DATA SEGMENT
-*-*-

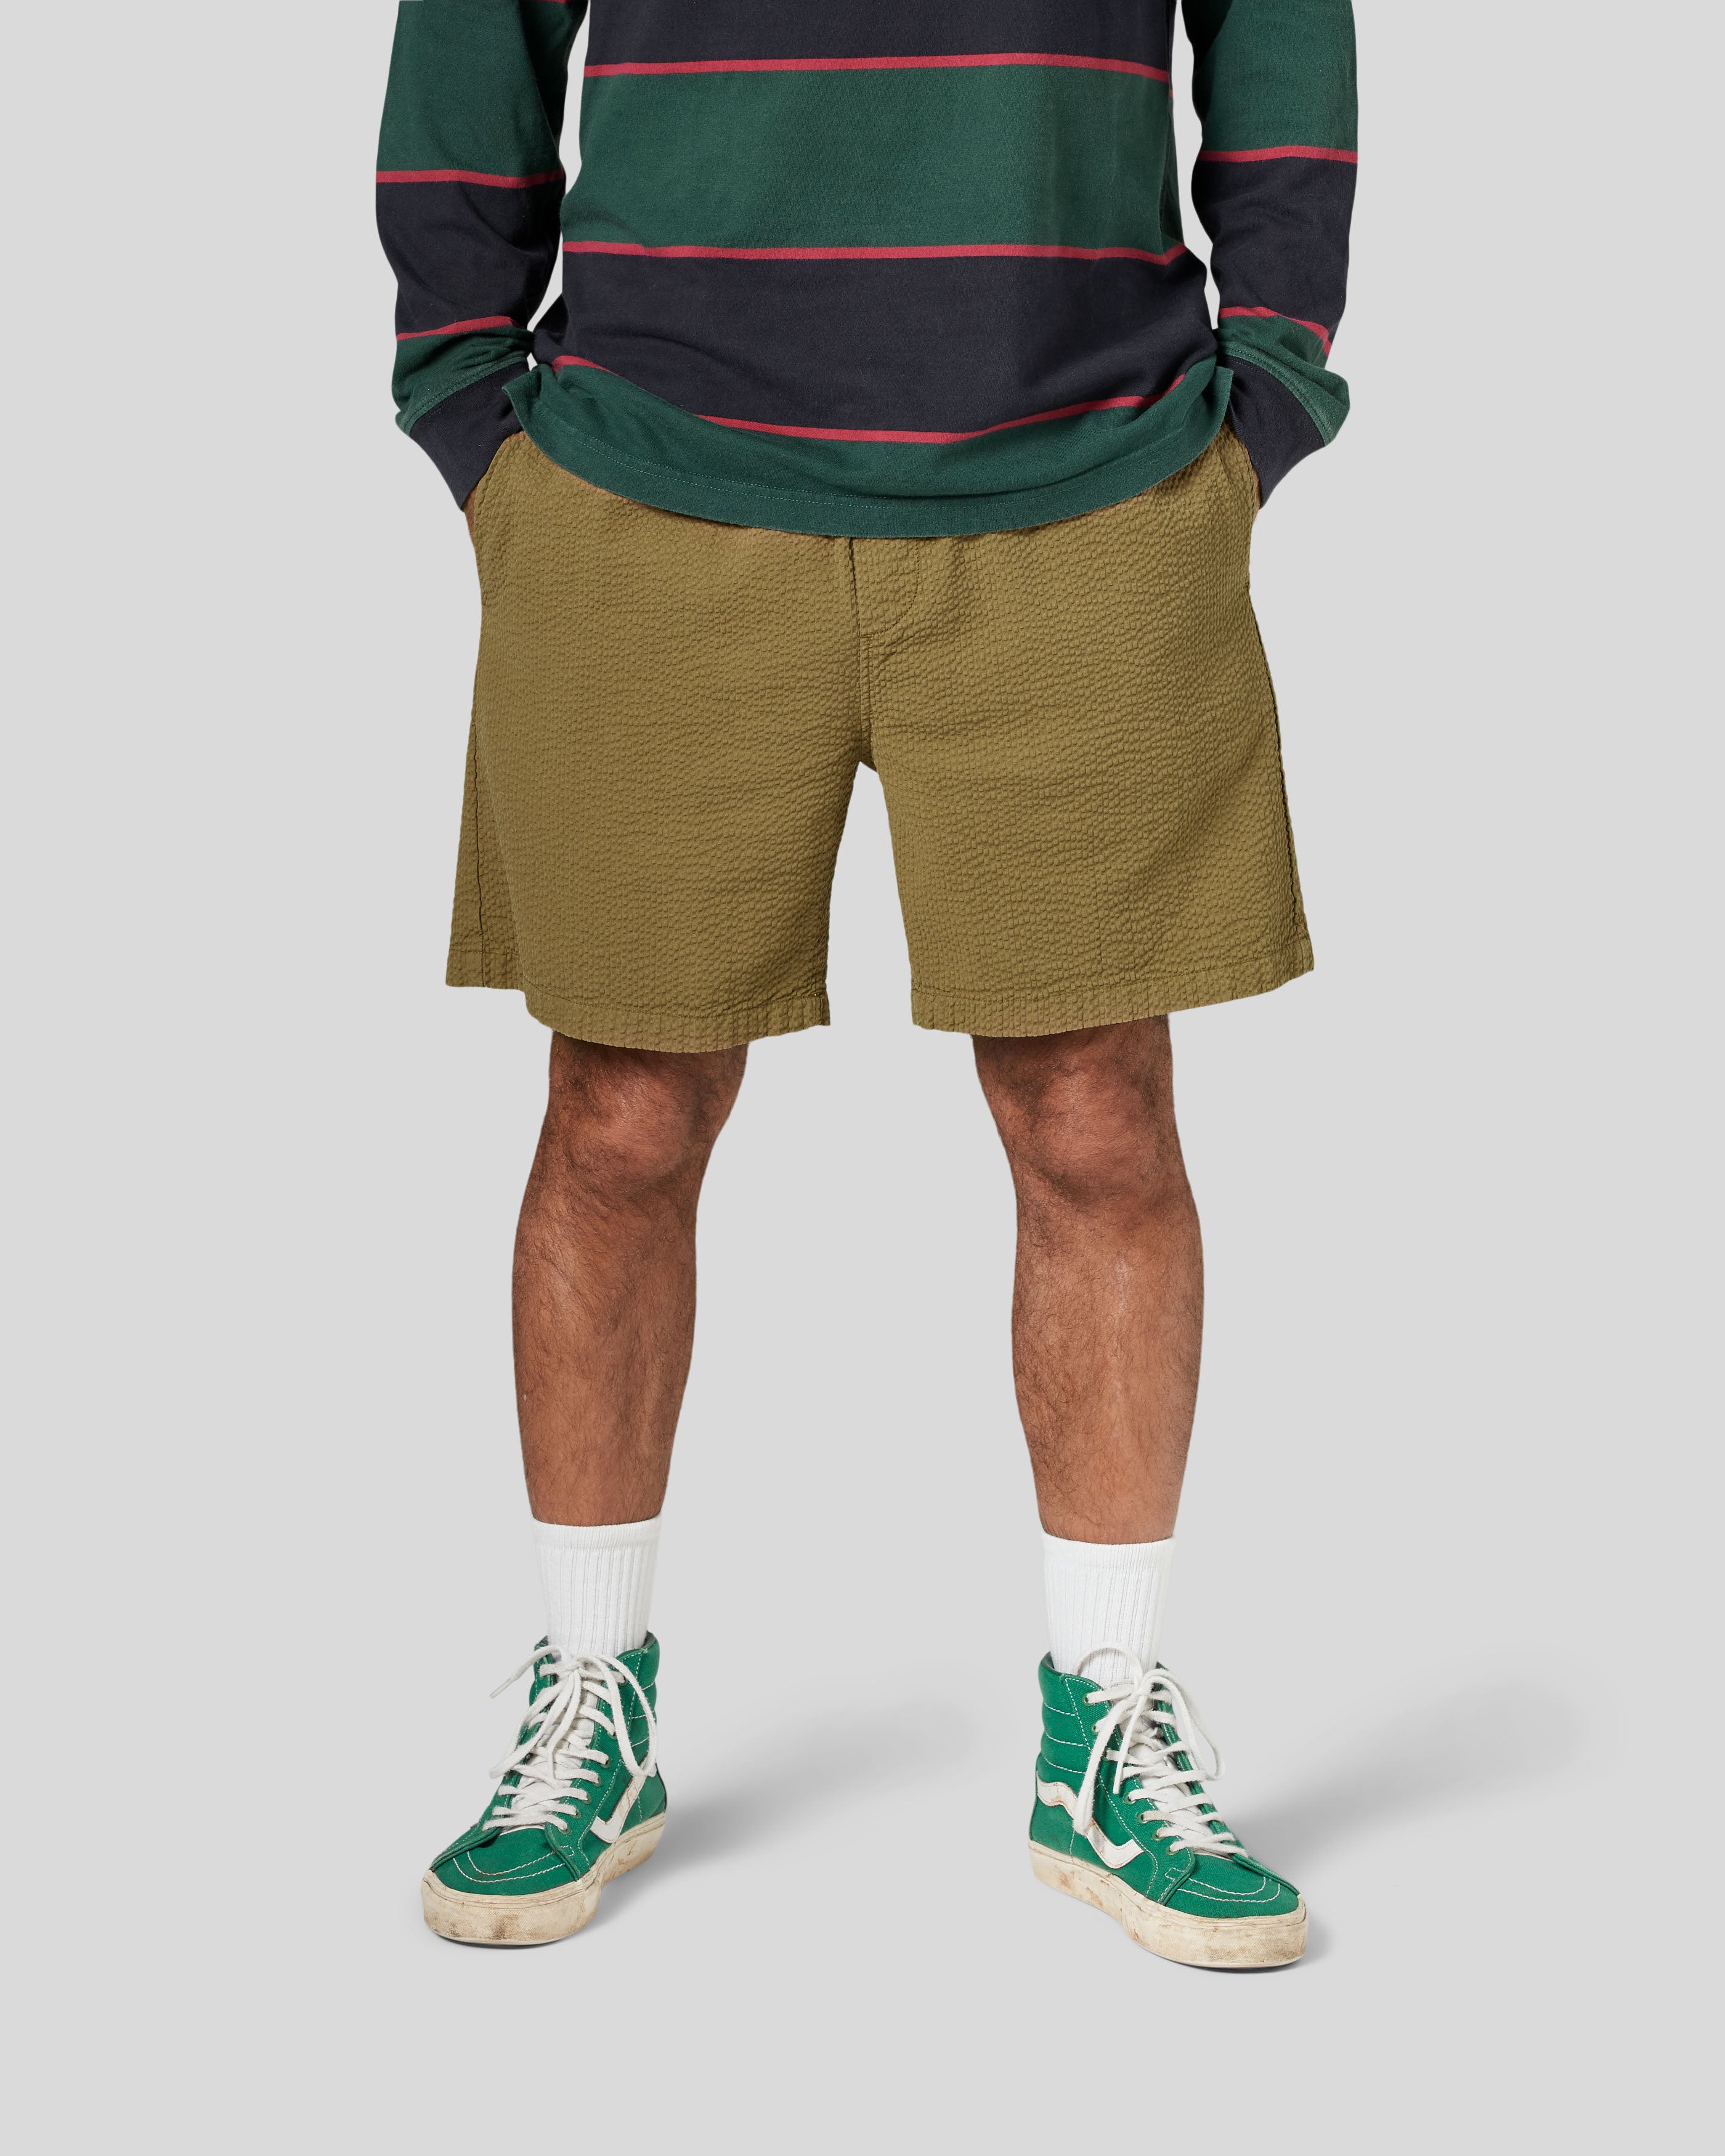 Atlantico Shorts - Olive
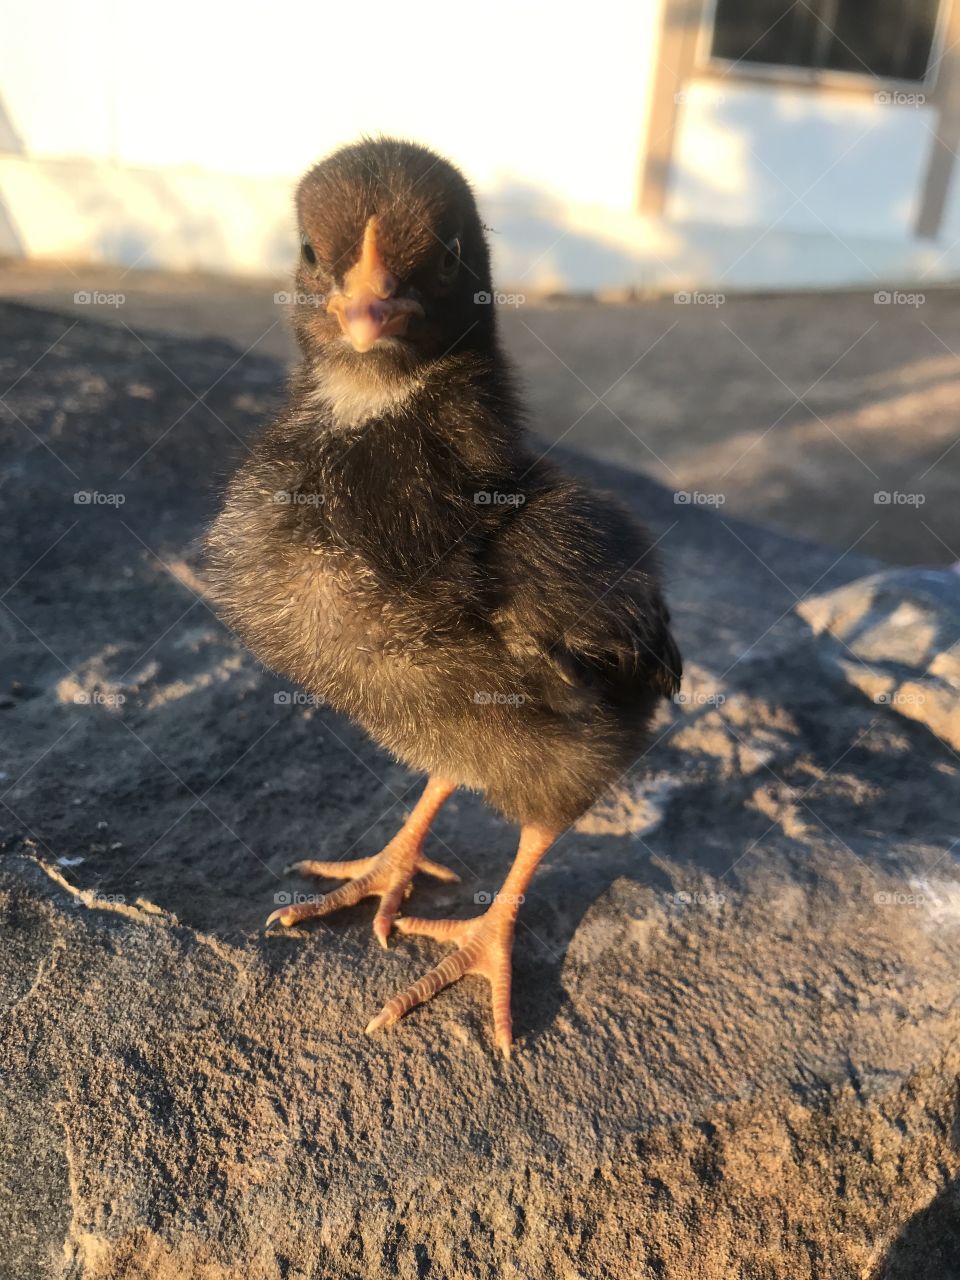 Baby chick 
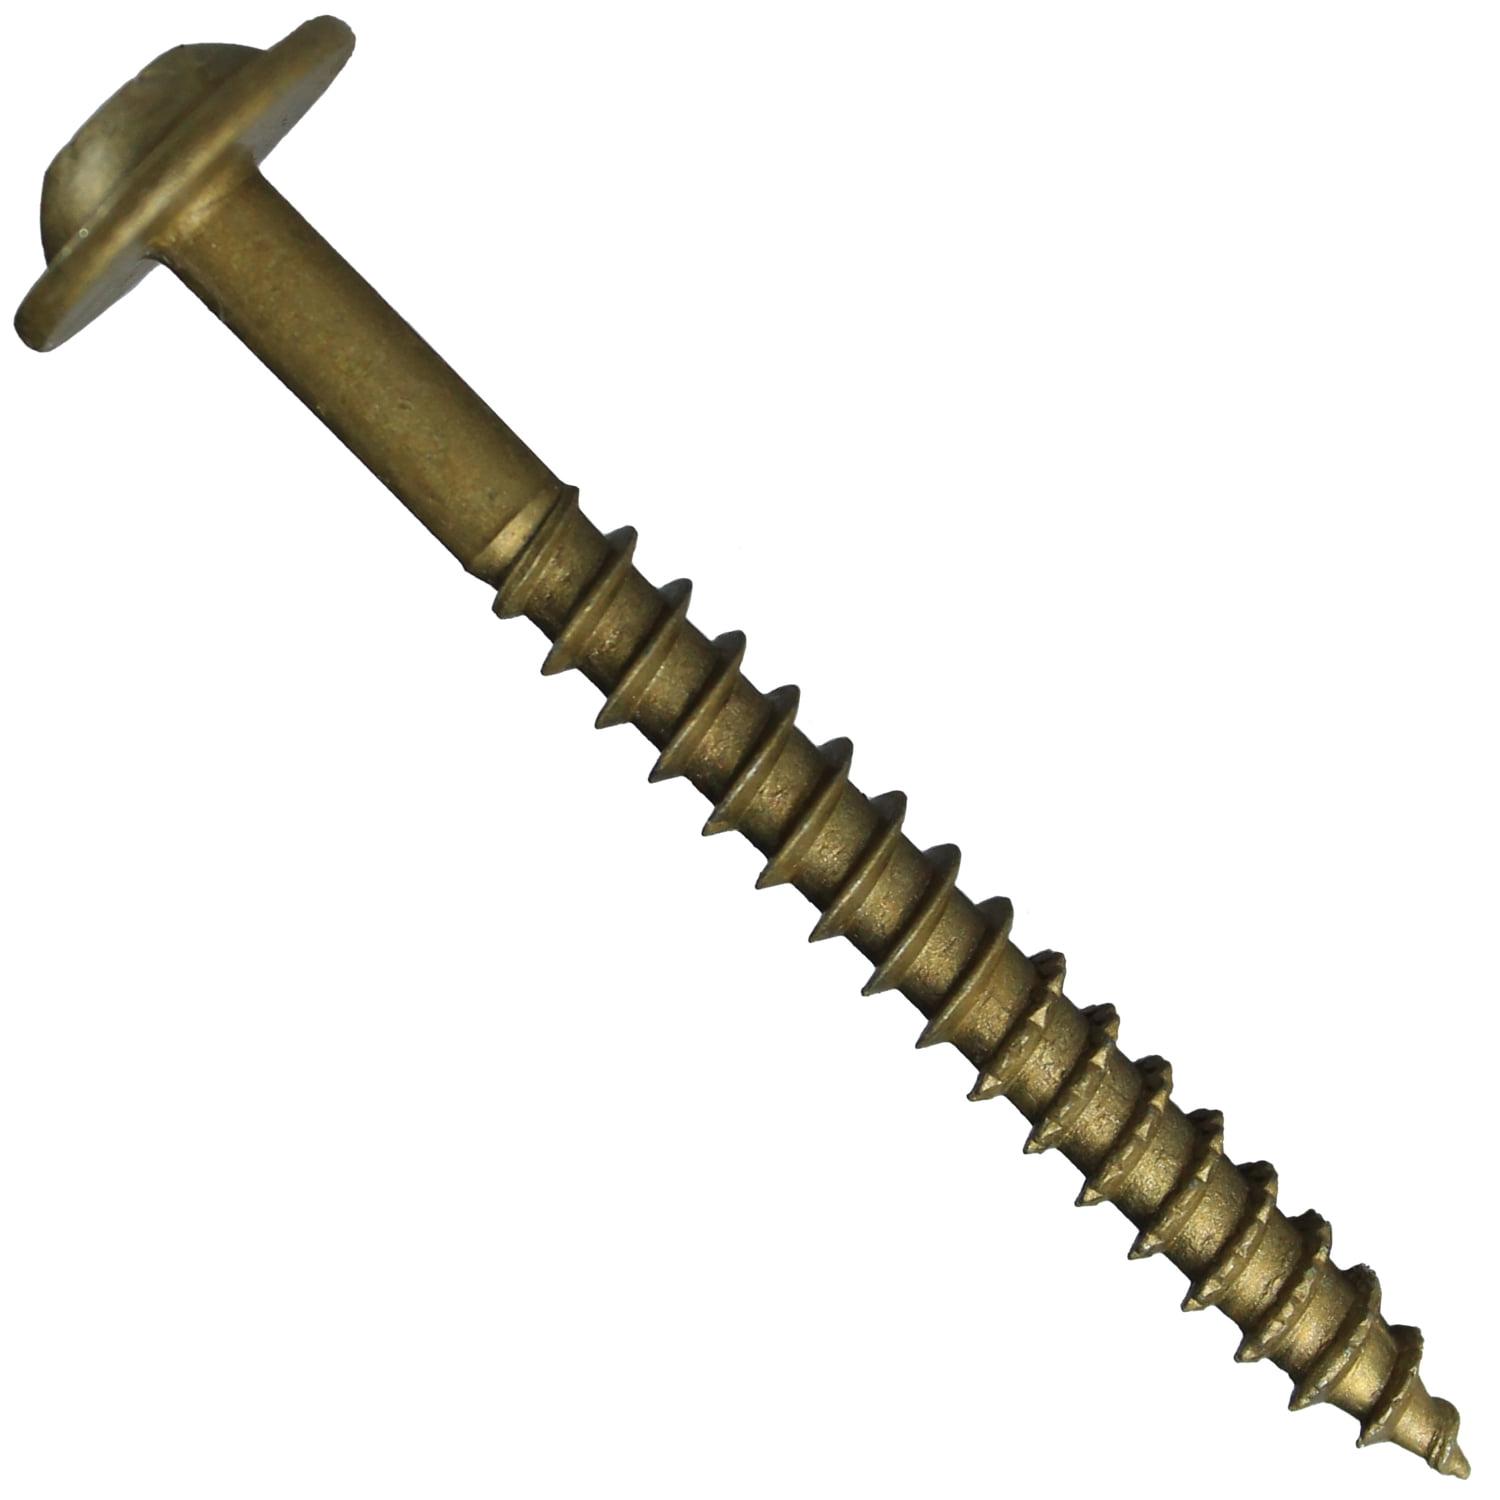 Hardwood screws

-*-*-

ABOUT THIS EXERCISE
Please transcribe the whole listing above exactly, with the images left out.

EXERCISE RESULT
 Atlantico Shorts - Olive
 Baby chick 
 Hardwood screws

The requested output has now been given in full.